GSK makes strategic biotech acquisition

pharmafile | May 6, 2005 | News story | Research and Development, Sales and Marketing GSK, biotech 

 

GlaxoSmithKline will acquire a Seattle-based biotech that manufactures a key component in many of the candidates in its vaccine pipeline, including potential blockbuster cervical cancer vaccine Cervarix.

The cash for stock deal values Corixa at around $300 million and includes a candidate prophylactic tuberculosis vaccine, a portfolio of candidate immunotherapeutic cancer vaccines and a manufacturing plant for Monophosphoryl Lipid A (MPL).

MPL is an important component in many of GSK’s most promising vaccines under development, including Cervarix, and the president of GSK Biologicals, Jean Stephenne, said it was an important strategic deal for the vaccines division.

GSK aims to file Cervarix with regulators next year and chief executive Jean-Pierre Garnier has spoken of his high hopes for the vaccine’s future prospects.

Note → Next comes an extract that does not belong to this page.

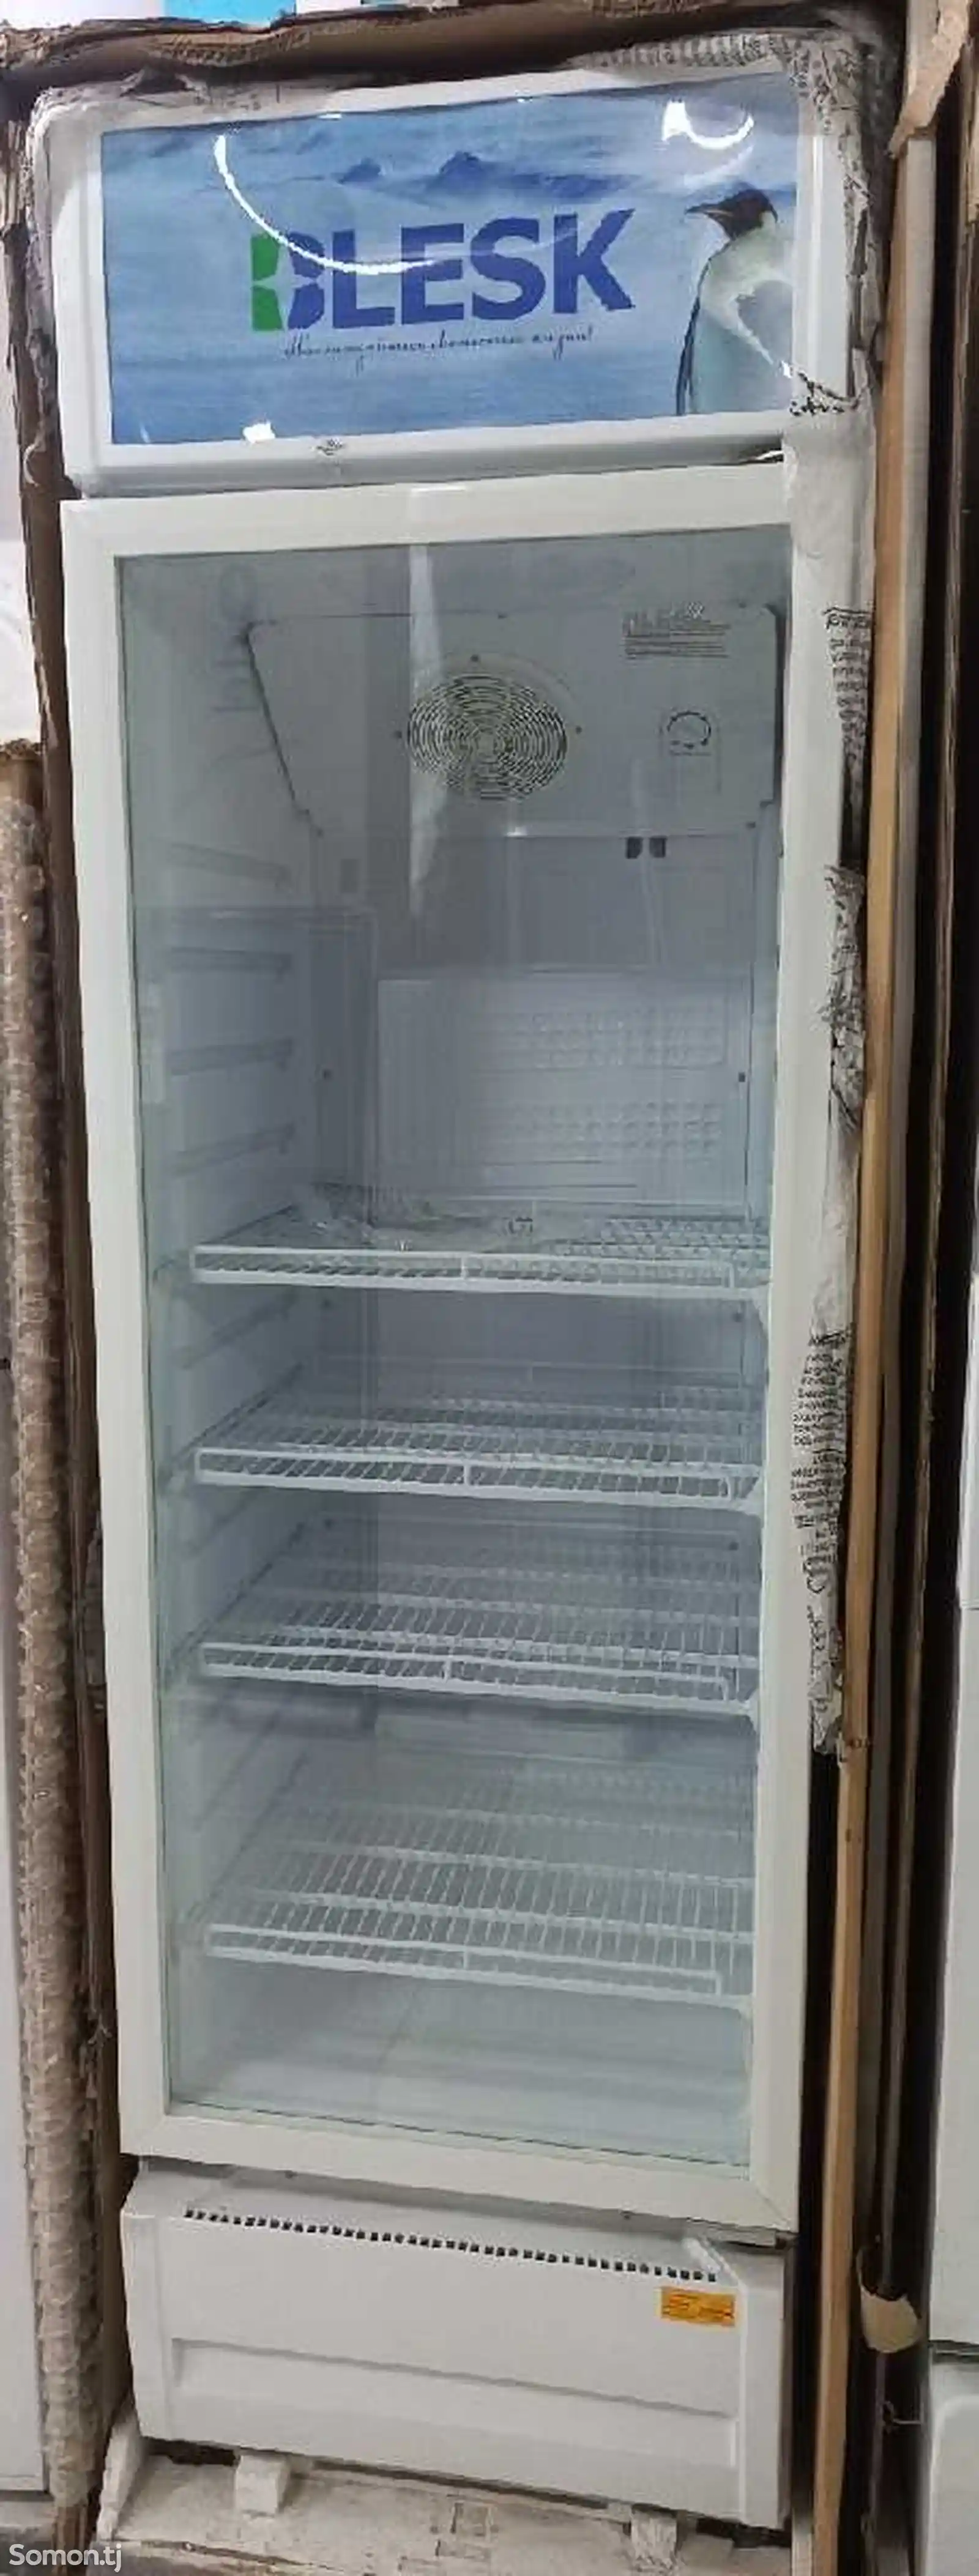 Холодильник витринный Blesk

“Cervarix will be the largest-ever vaccine ever sold, there has never been a vaccine with such a potential audience,” he told Bloomberg Television.

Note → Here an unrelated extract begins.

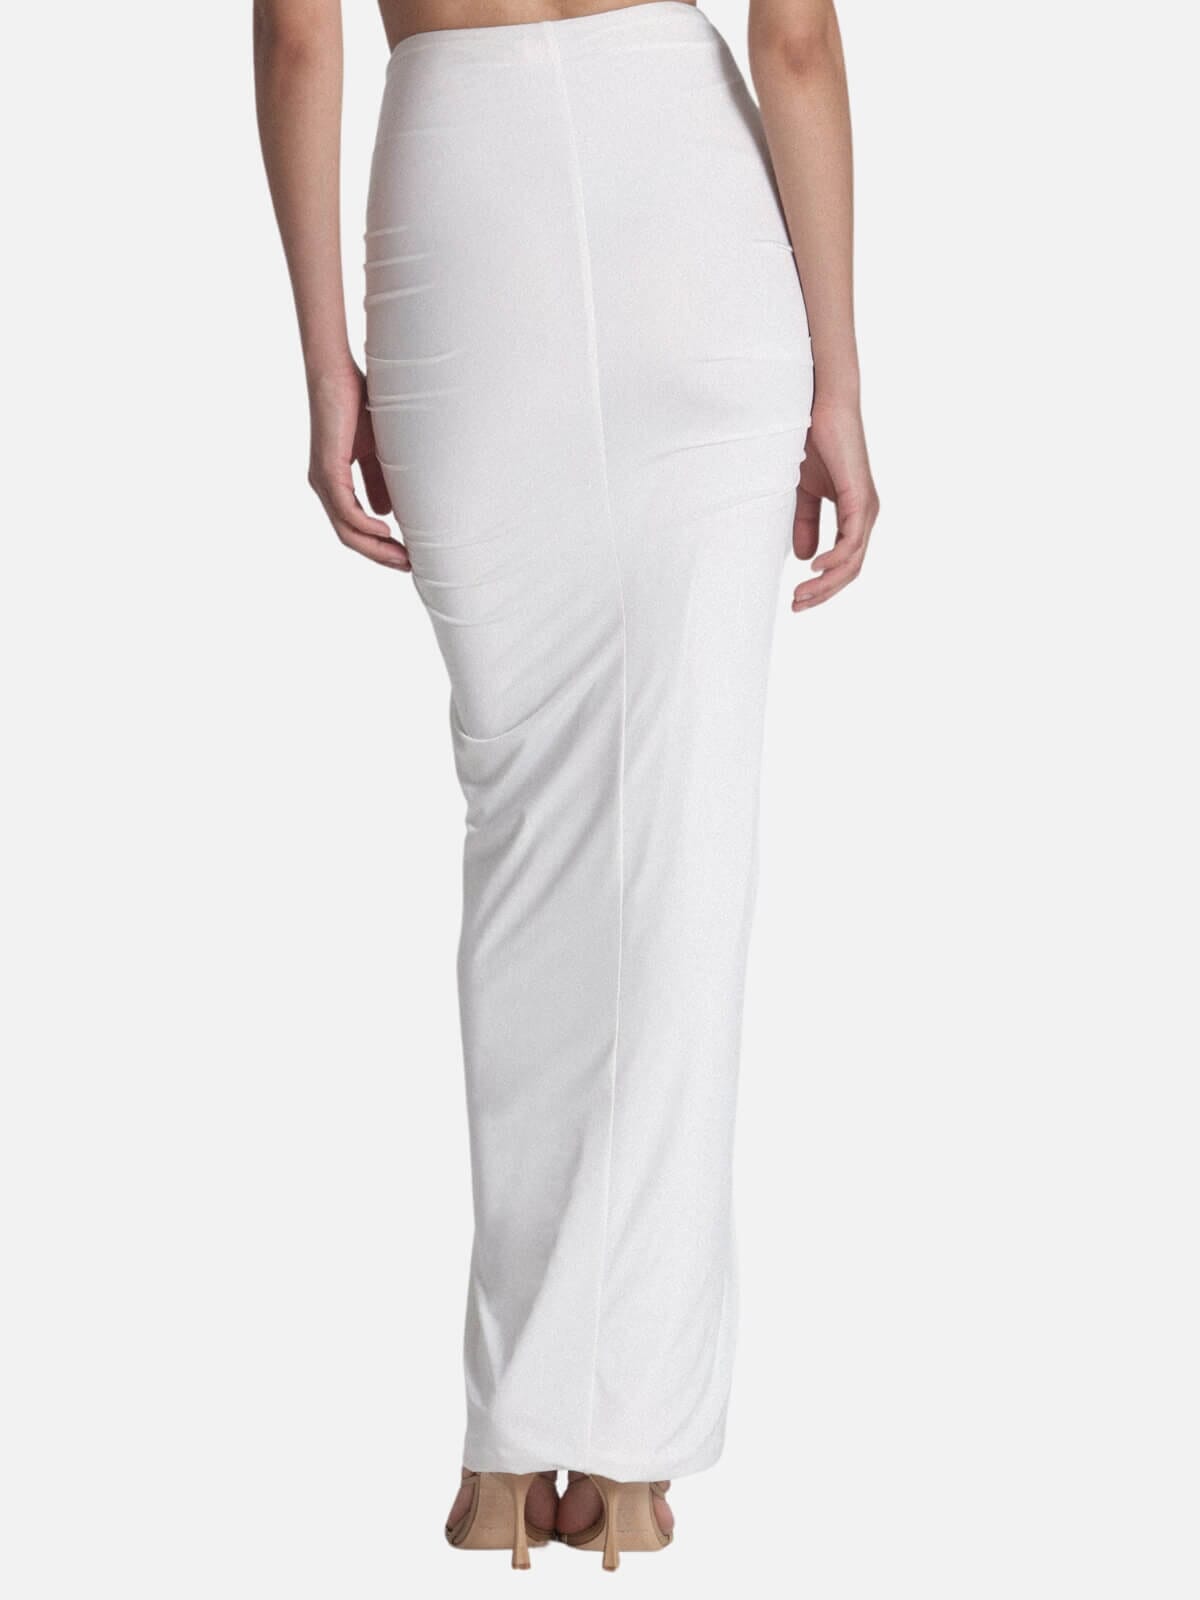 Bayse | Manhattan Maxi Skirt - White | Perlu

Cervarix has been shown to protect against the two highest-risk subtypes of the Human Papilloma Virus, types 16 and 18, which between them are responsible for 70% of all cervical cancer cases. It may also provide protection against types 31, 45 and 52, the causes of a further 12% of cervical cancers.

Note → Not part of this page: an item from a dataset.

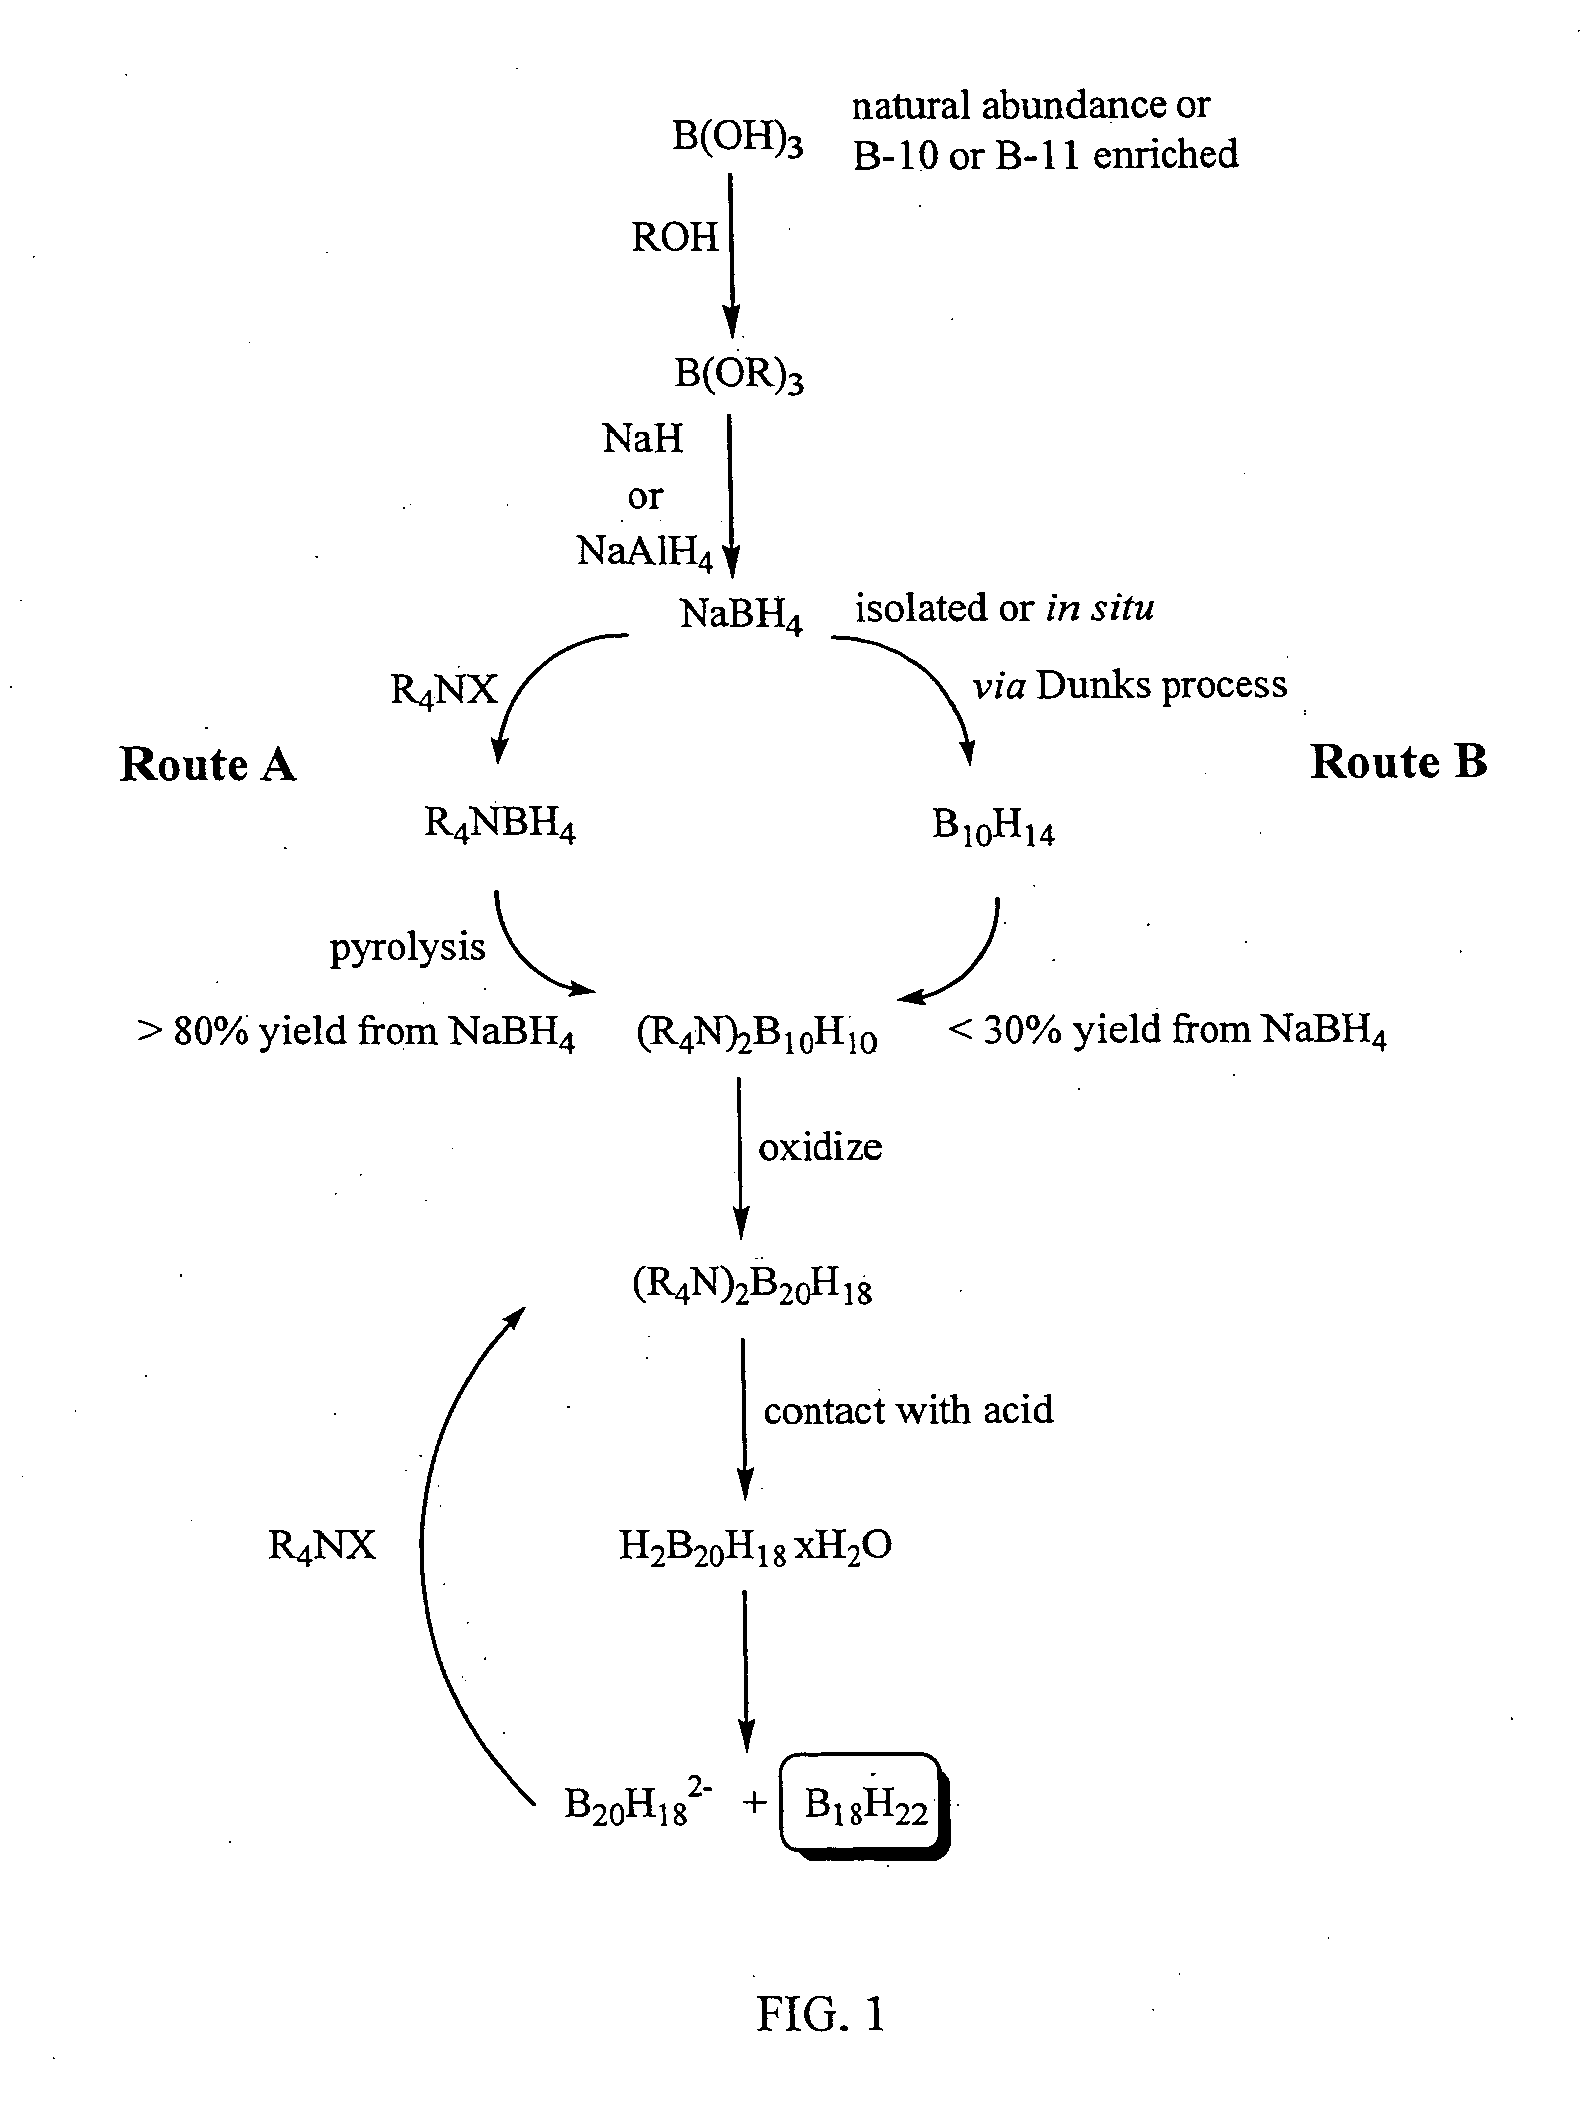 Method of production of B10H102-ammonium salts and methods of production of B18H22

The vaccine must still go through late-stage trials and faces competition from Merck’s Gardasil, a similar vaccine that the company hopes to file for regulatory approval in the autumn.

Analysts Datamonitor said GSK’s acquisition underlines the biotech sector’s role in driving pharmaceutical innovation as GSK’s own in-house R&D function struggles to produce candidates to replace its existing blockbusters.

“Cervarix is, however, only one of a number of promising elements in the purchase. GSK’s portfolio will also be supplemented by other immunotherapeutic agents in Corixa’s pipeline, such as its TLR4 agonists and antagonists which offer hope in areas such as COPD and cystic fibrosis,” they added.

As well as Cervarix, Corixa’s vaccine adjuvant MPL is also a key component in GSK Biologicals’ recently-approved hepatitis B vaccine Fendrix, its candidate malaria vaccine, and a number of its investigational cancer immunotherapeutic vaccines.

GSK and Corixa have a history of working together on a number of vaccine adjuvant and antigen projects and the deal frees GSK from paying Corixa royalties under their earlier agreements or on future sales of vaccines containing MPL.

GSK’s pharmaceuticals division has also previously collaborated with Corixa on the non-Hodgkin’s lymphoma treatment Bexxar, whose marketing and development rights GSK acquired in December last year.

The acquisition of Corixa, which is still subject to both approval from the company’s shareholders and regulatory authorities, is expected to be finalised in the third quarter of this year.

Meanwhile, the FDA has approved Boosterix, GSK’s new adolescent vaccine for whooping cough. There was previously no such vaccine approved in the US, despite reported cases of whooping cough in the country increasing by nearly 20 times since 1976 and reaching their highest level in more than 40 years in 2004.